→ Data extract
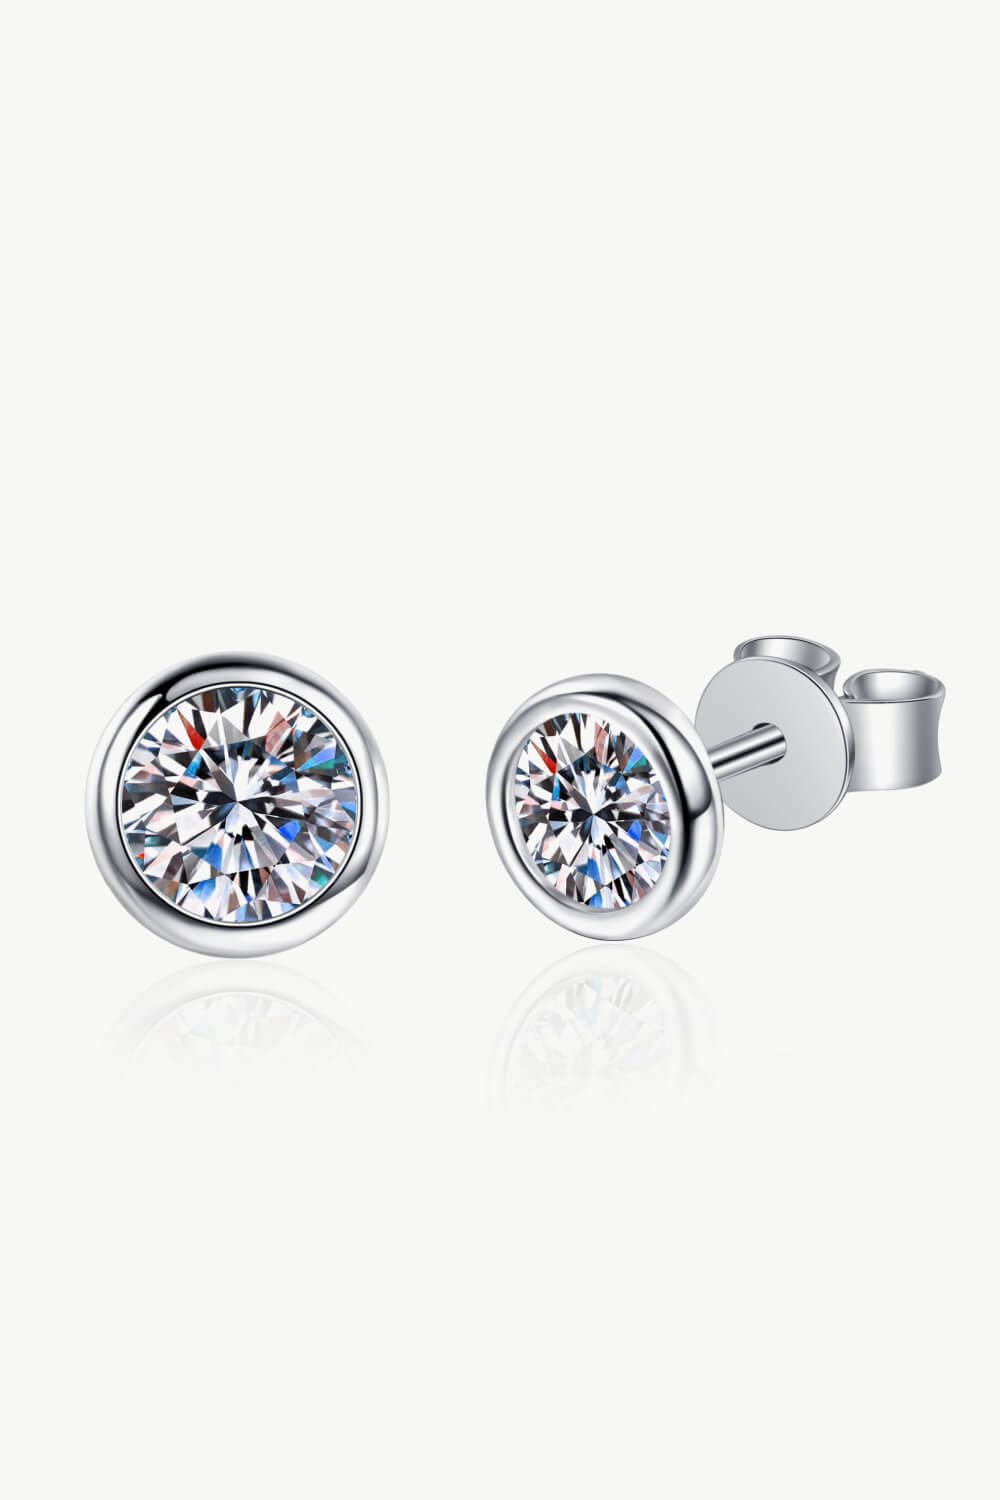 Inlaid 1 Carat Moissanite Stud Earrings BLUE ZONE PLANET
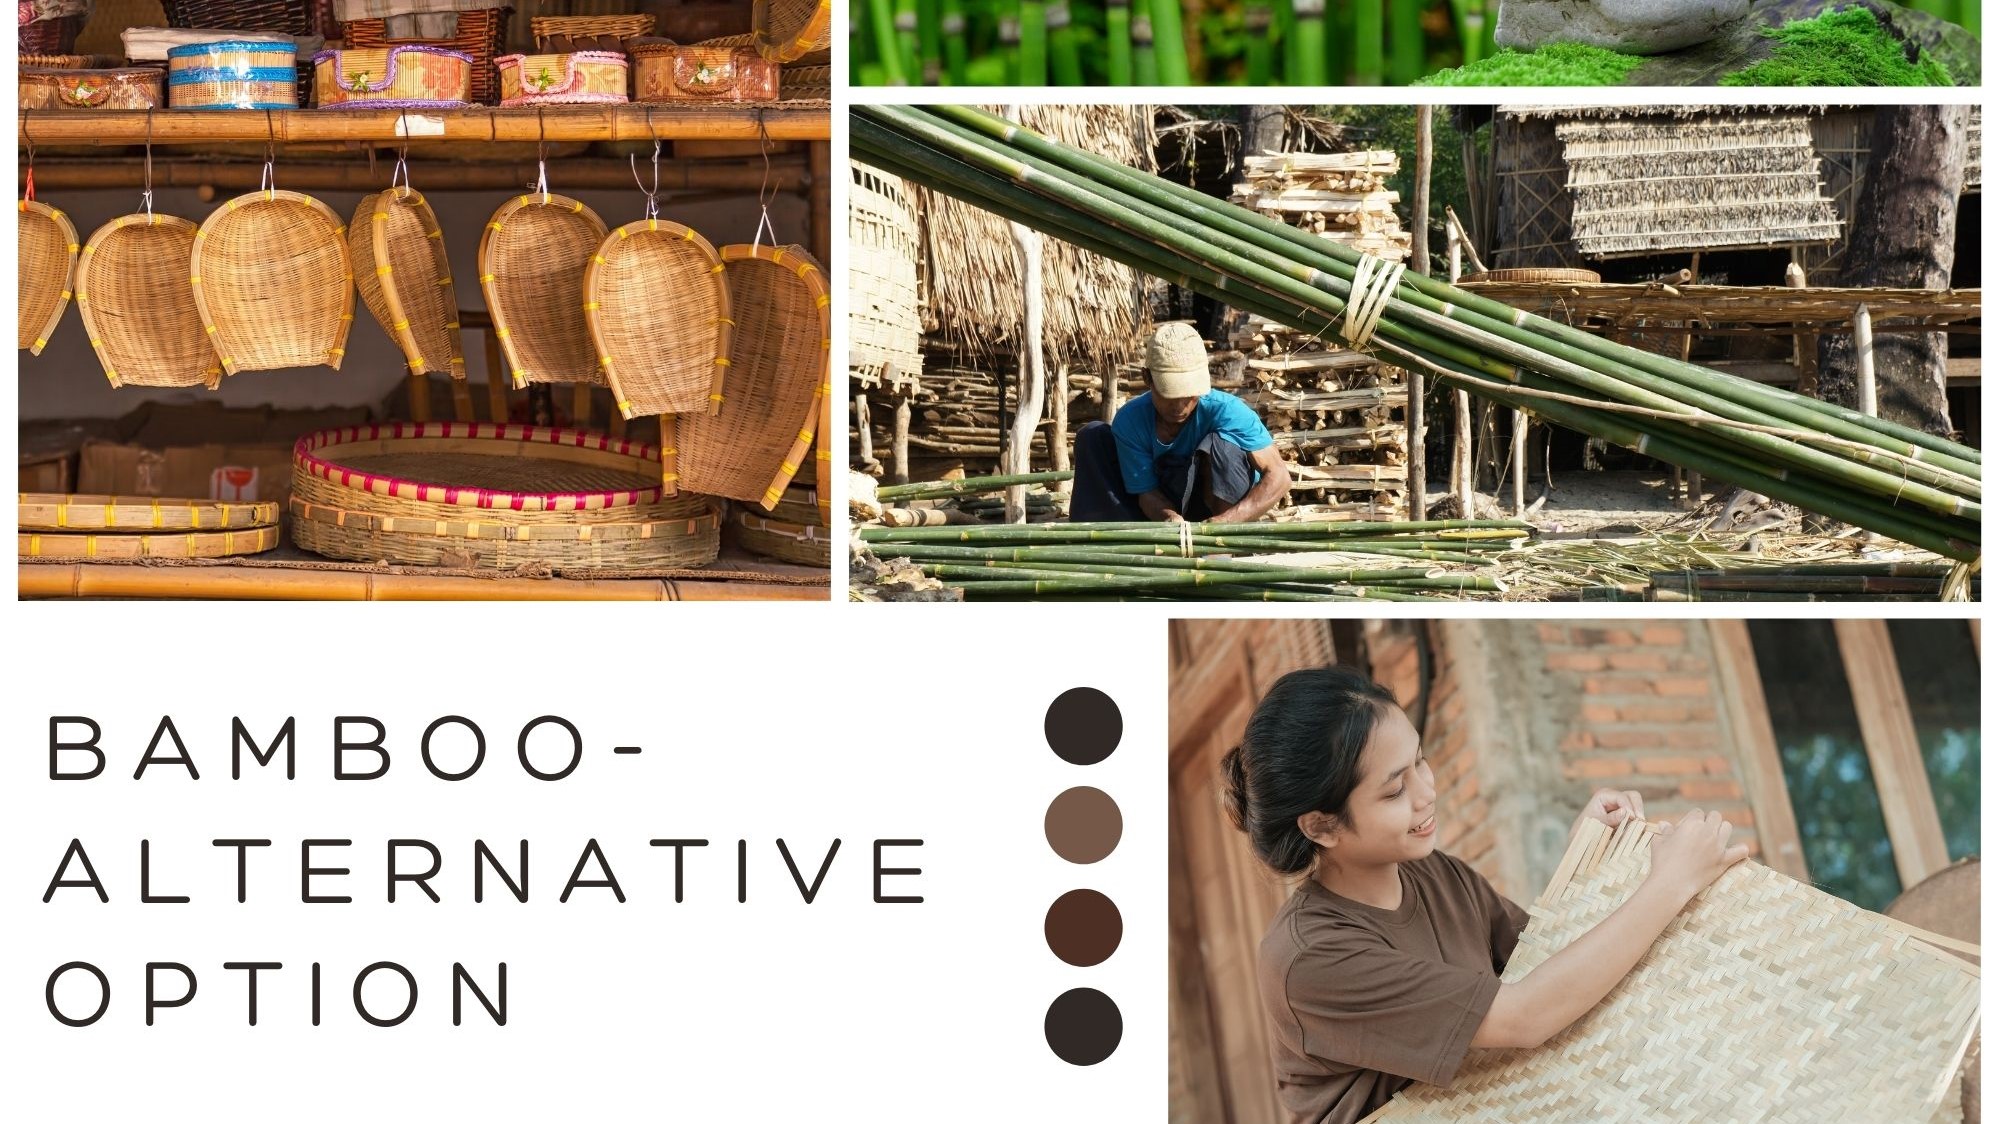 Use Natural Bamboo Products To Reduce Plastic - The Mixed Flavors
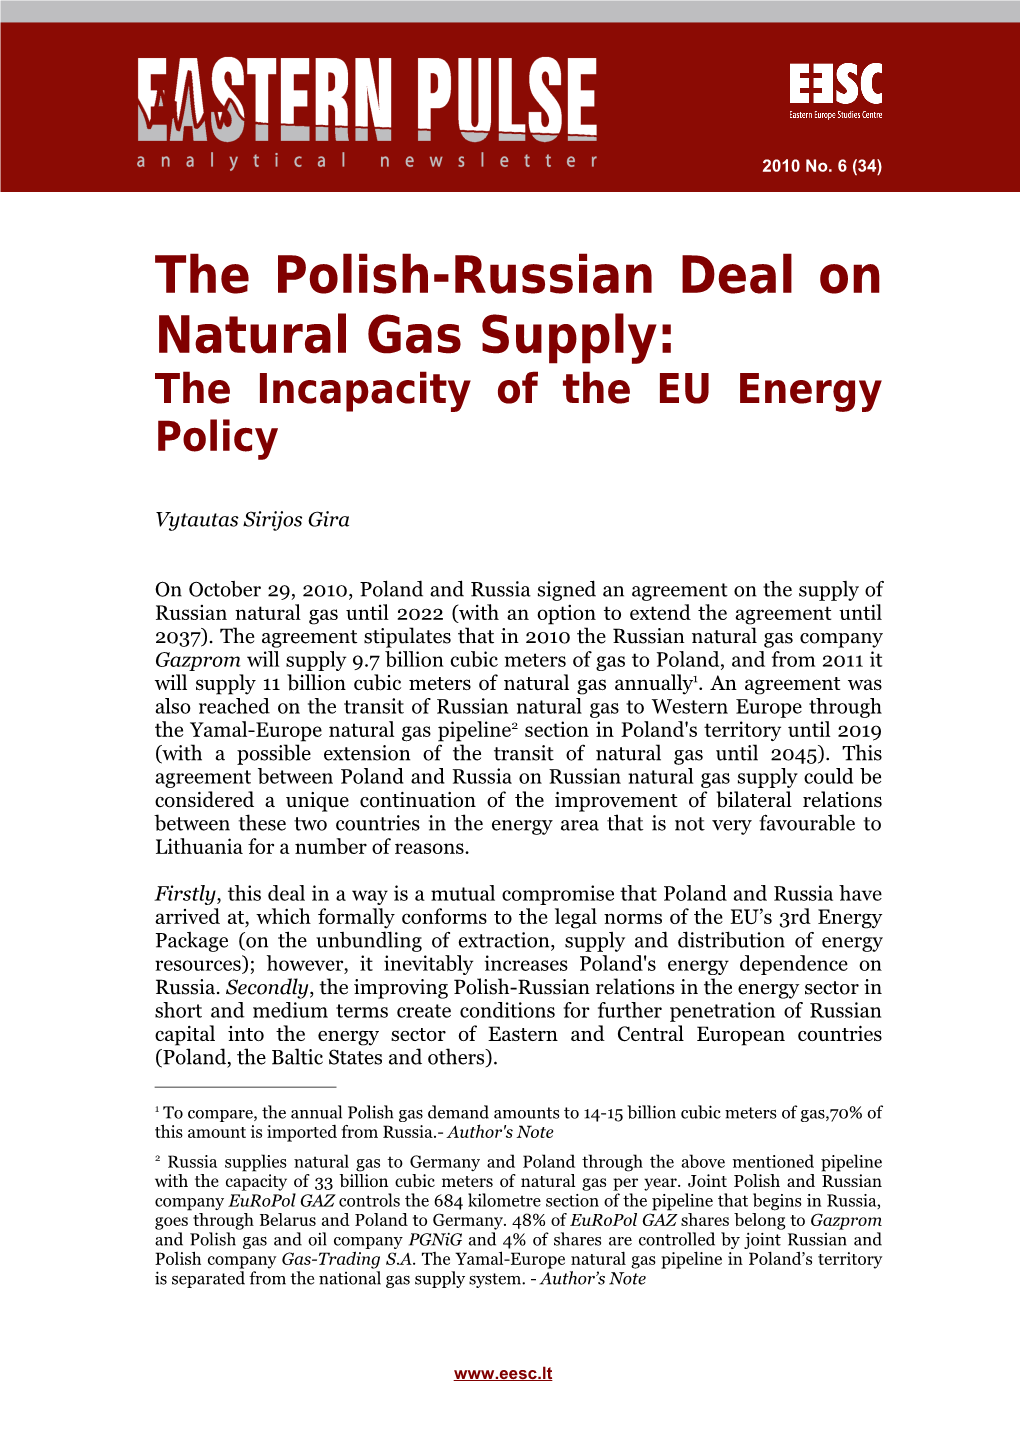 The Polish-Russian Deal on Natural Gas Supply: the Incapacity of the EU Energy Policy
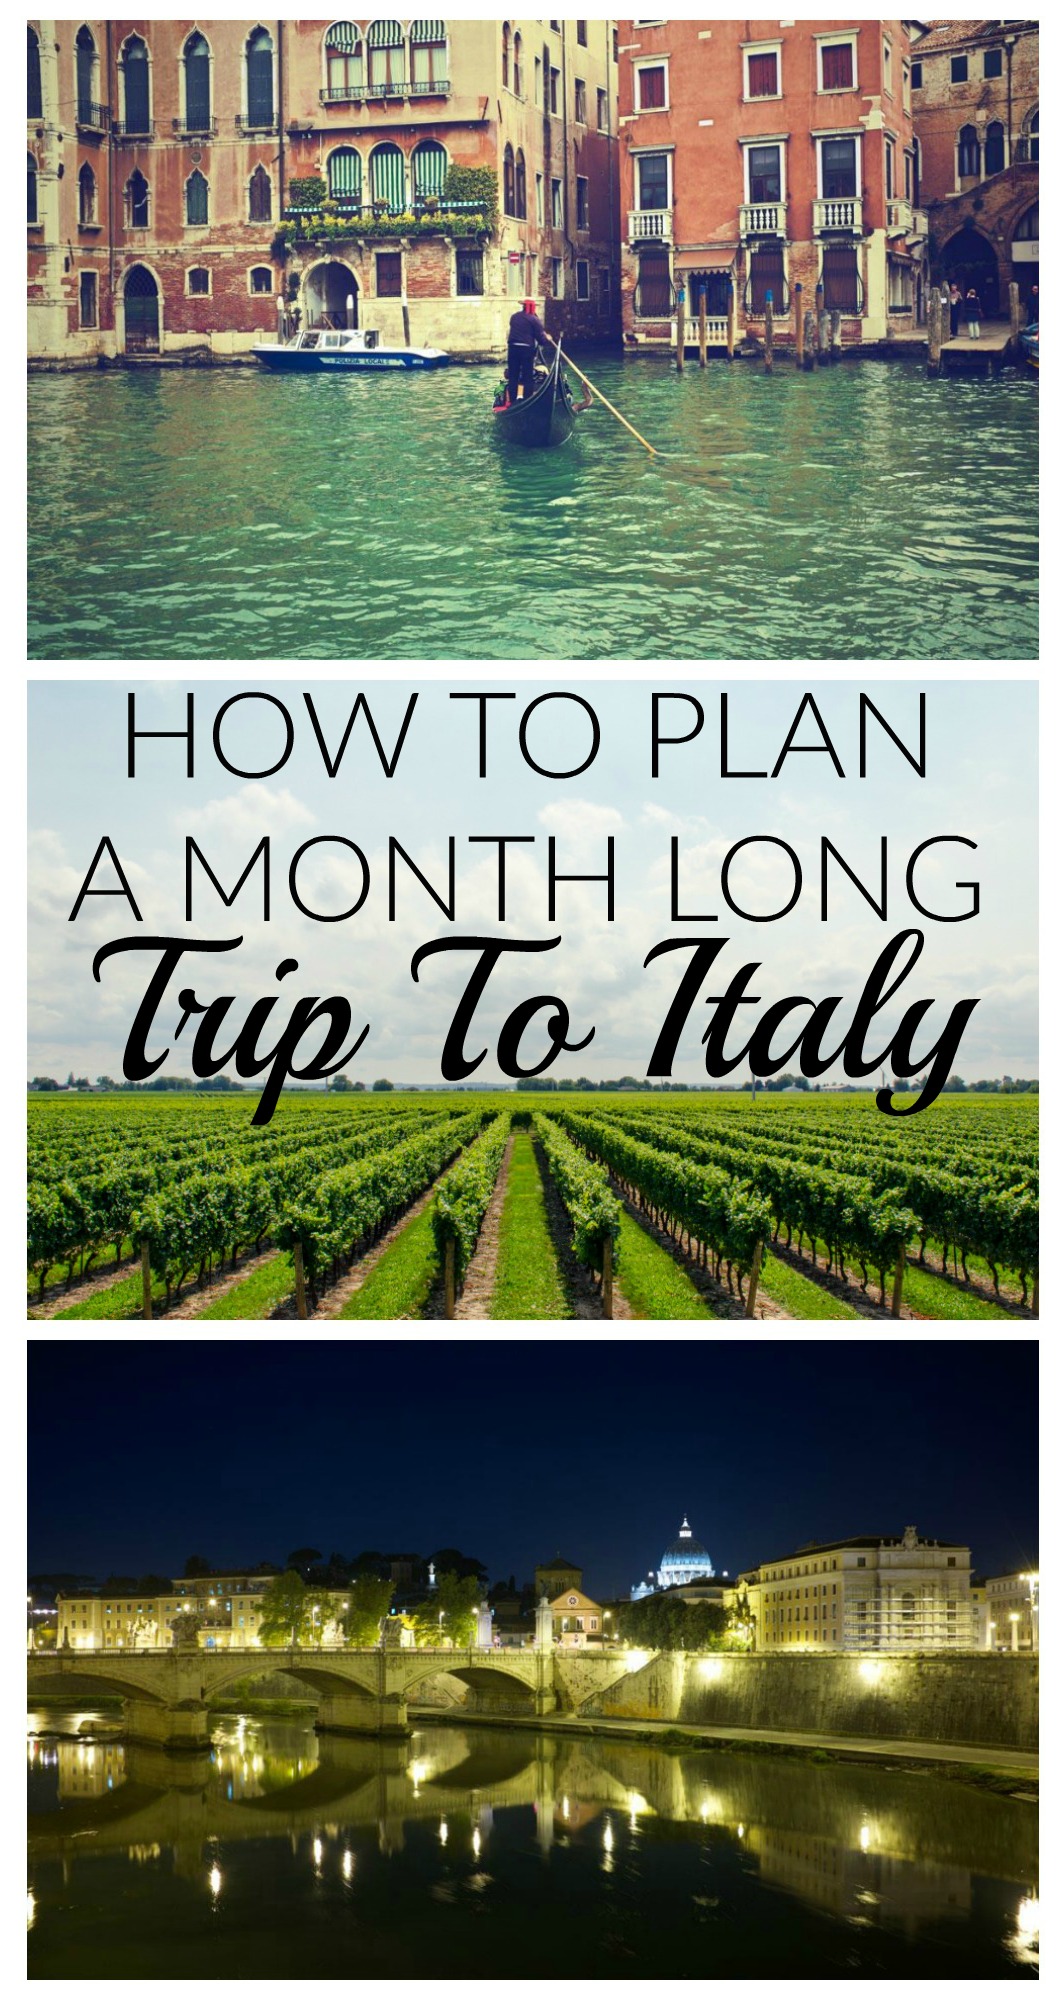 touring italy pinterest pic layout 2.jpg

→ Work task
Would you copy all of the data exactly? Keep the pictures out of it.

→ Problem solution
 Inlaid 1 Carat Moissanite Stud Earrings BLUE ZONE PLANET
 Use Natural Bamboo Products To Reduce Plastic - The Mixed Flavors
 The Polish-Russian Deal on Natural Gas Supply: the Incapacity of the EU Energy Policy
 touring italy pinterest pic layout 2.jpg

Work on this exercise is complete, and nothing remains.